Omit any picture, and return the remaining data exactly as written.

**STORED DATA**
══════════

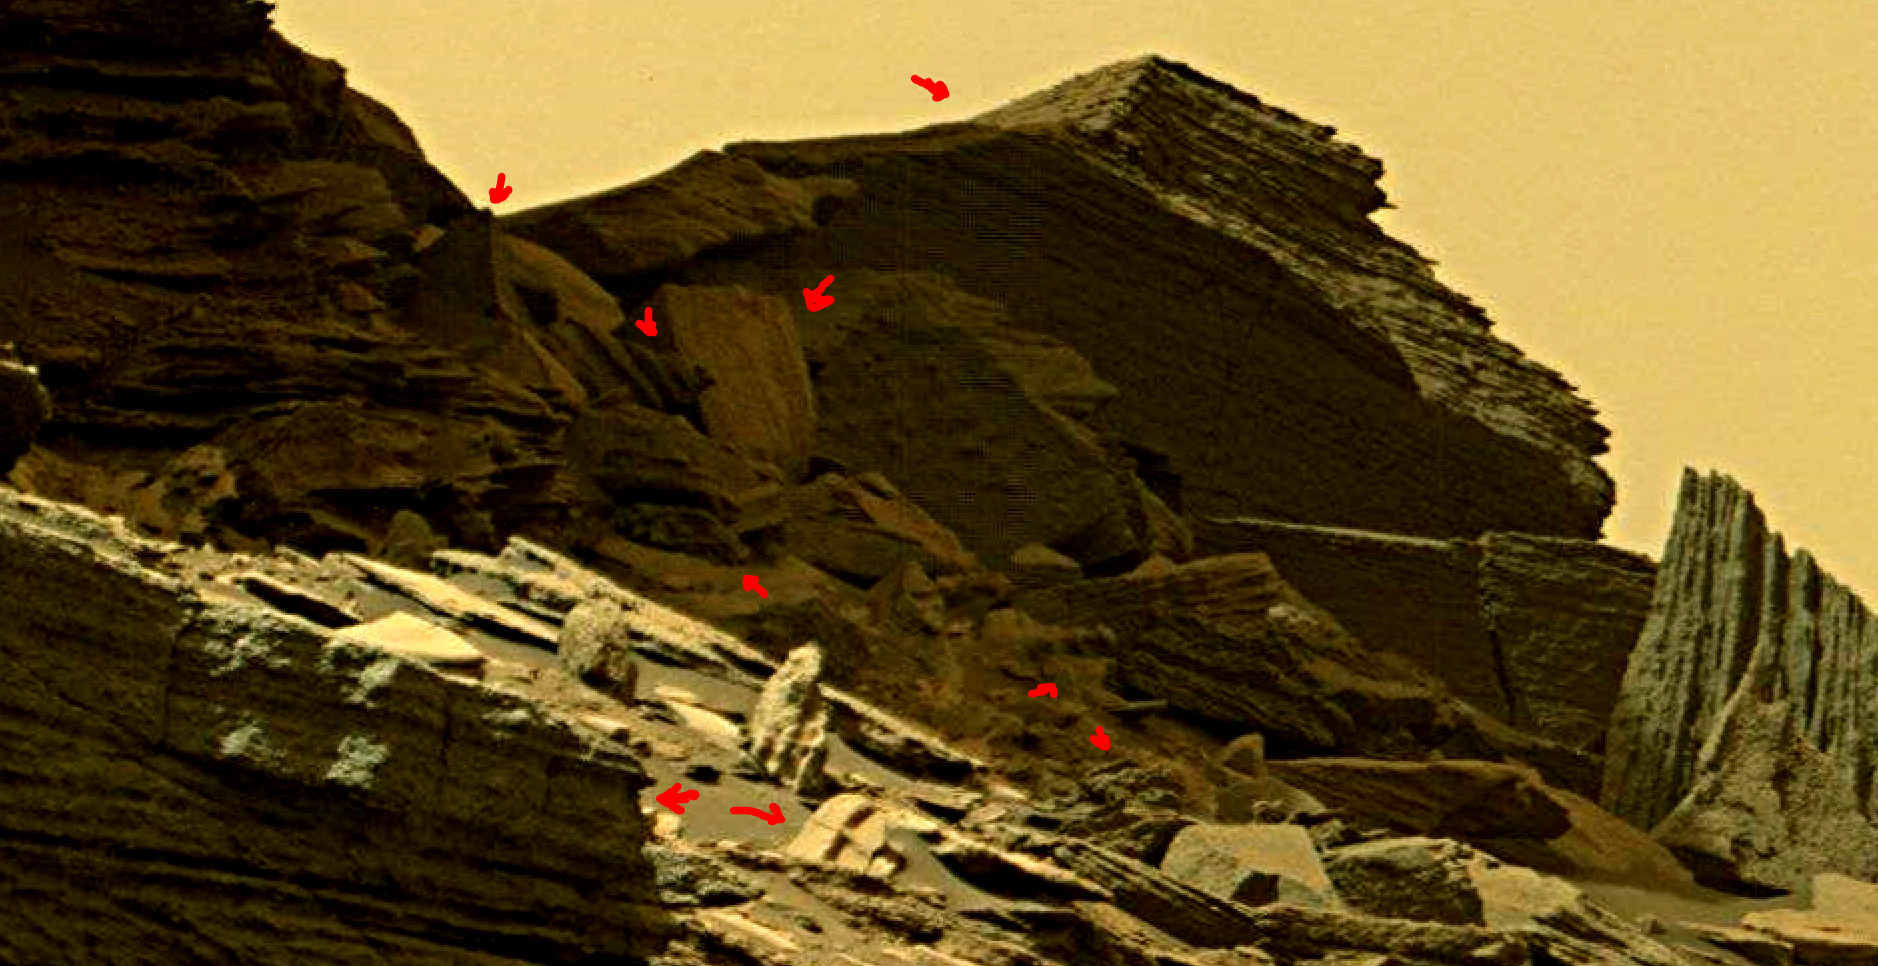 mars-sol-1467-anomaly-artifacts-8-was-life-on-mars
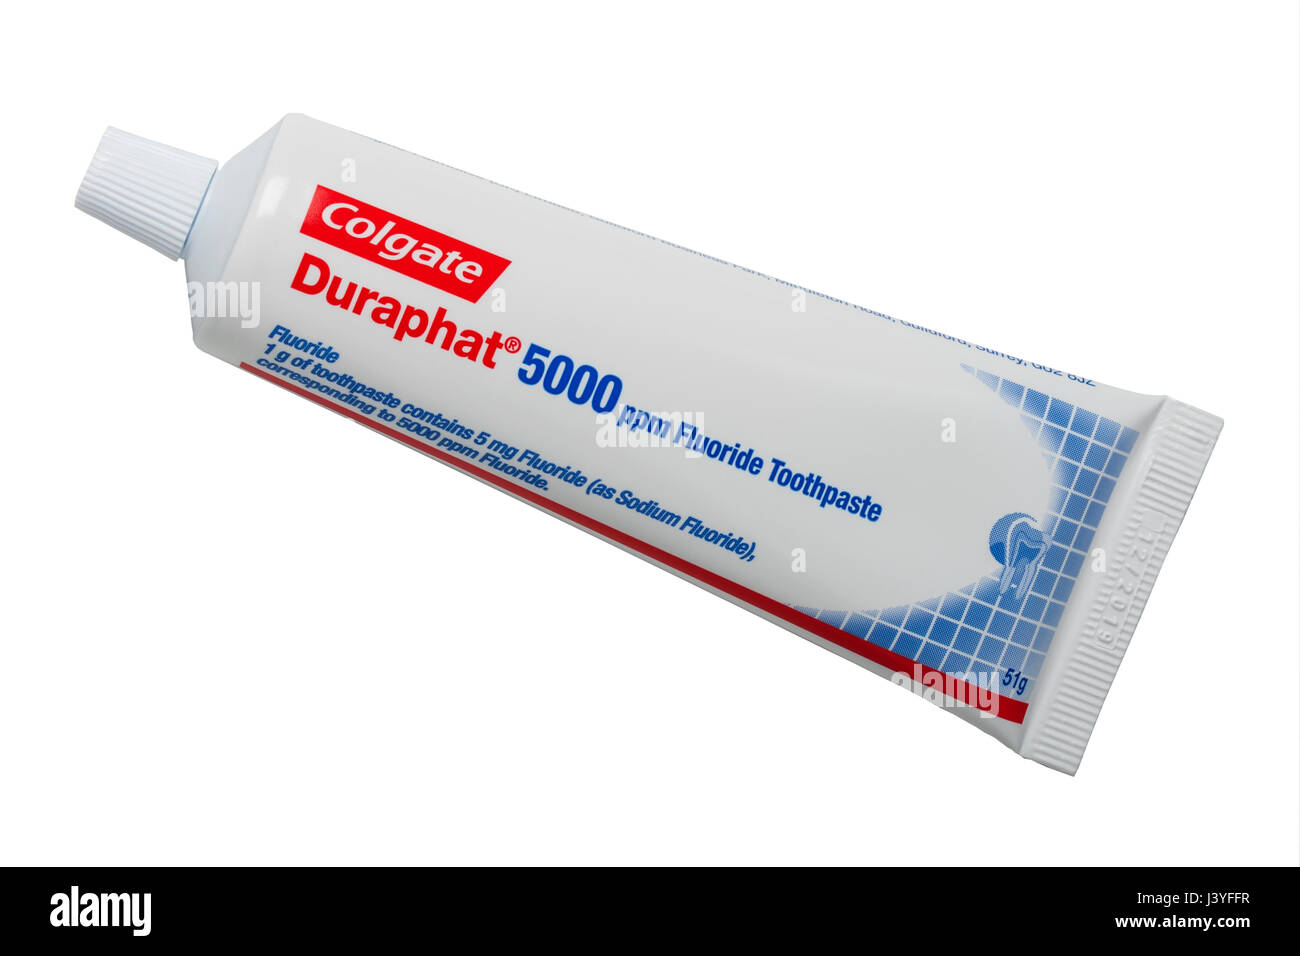 A tube of Colgate Duraphat 5000ppm Flouride Toothpaste on a white background Stock Photo
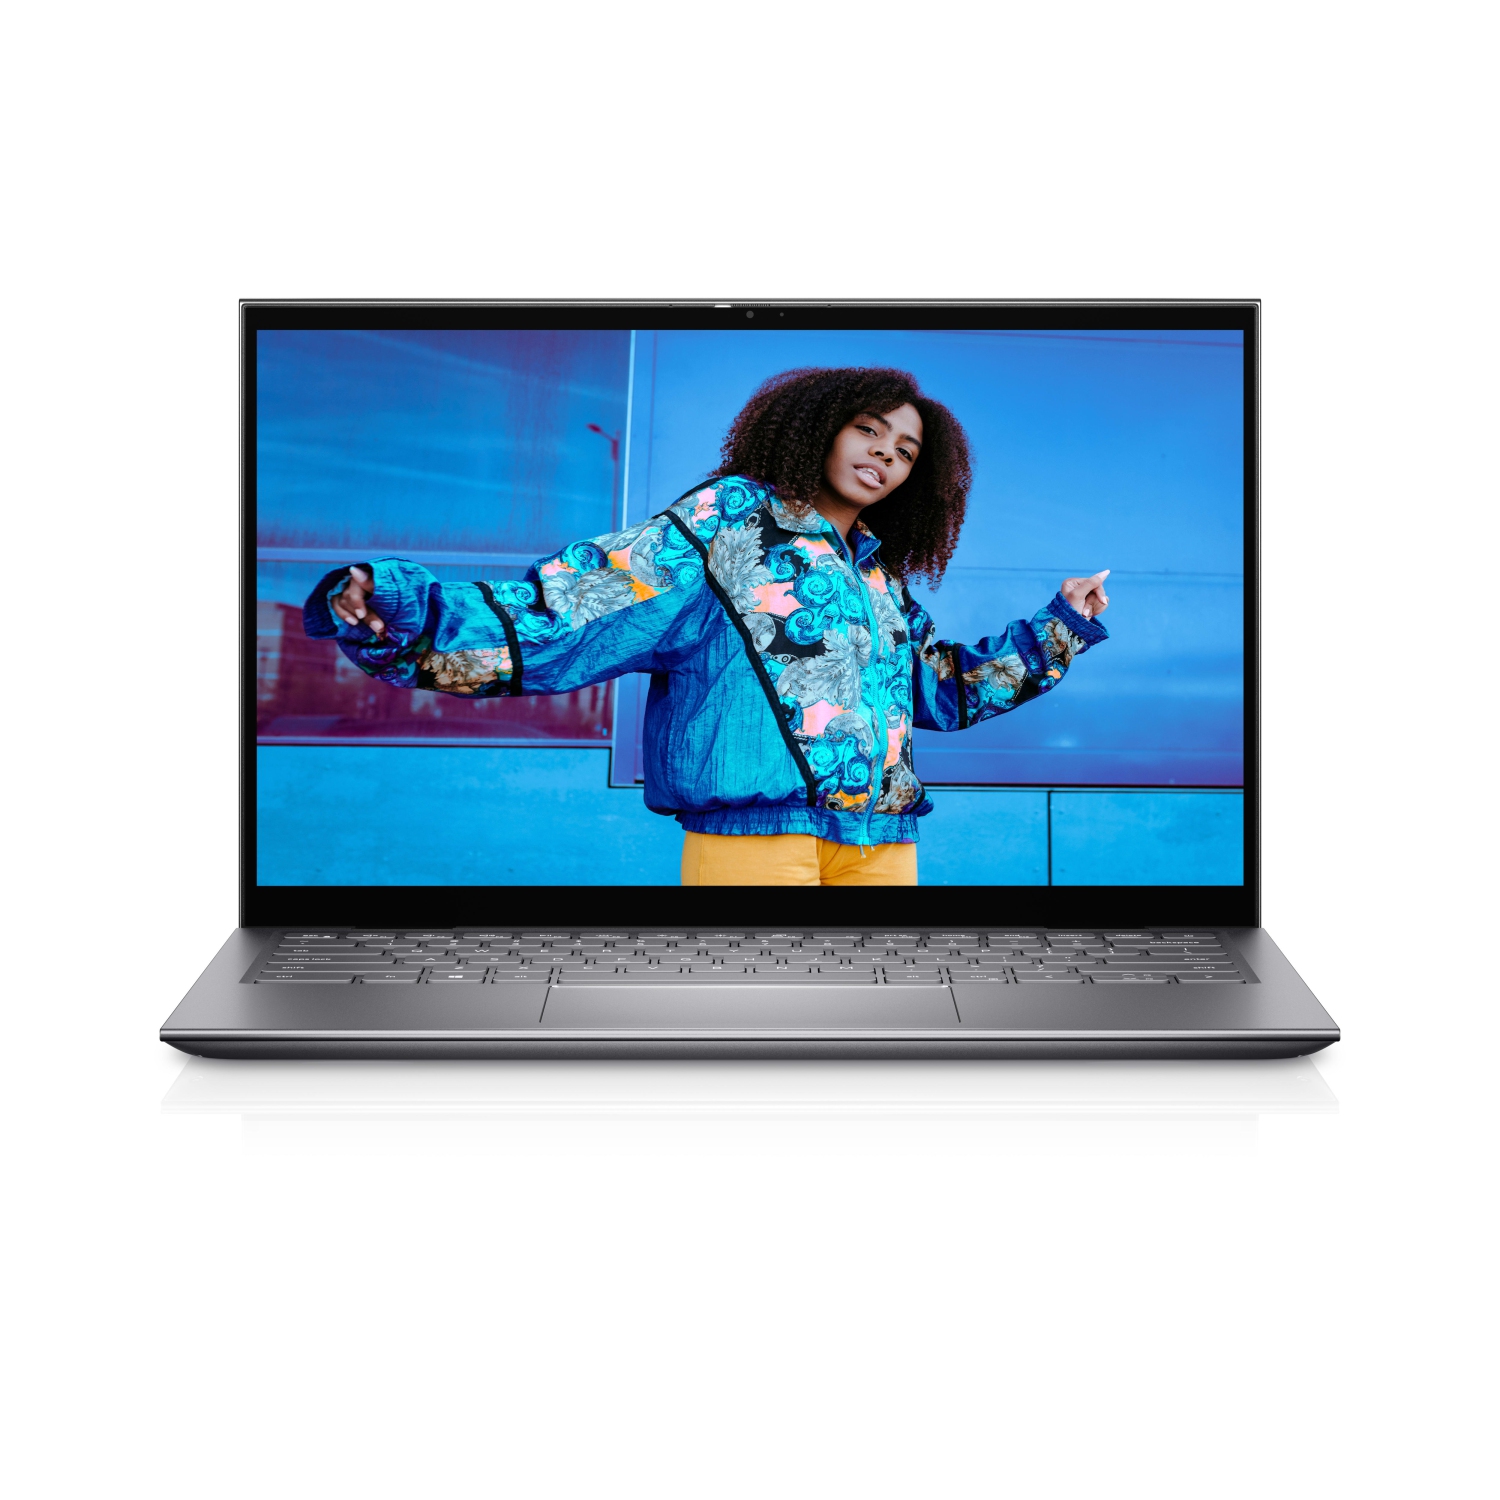 Refurbished (Excellent) – Dell Inspiron 5410 2-in-1 (2021) | 14" FHD Touch | Core i5 - 2TB SSD - 8GB RAM | 4 Cores @ 4.2 GHz - 11th Gen CPU

══════════

**RESULT**
 mars-sol-1467-anomaly-artifacts-8-was-life-on-mars
 A tube of Colgate Duraphat 5000ppm Flouride Toothpaste on a white background Stock Photo
 Refurbished (Excellent) – Dell Inspiron 5410 2-in-1 (2021) | 14" FHD Touch | Core i5 - 2TB SSD - 8GB RAM | 4 Cores @ 4.2 GHz - 11th Gen CPU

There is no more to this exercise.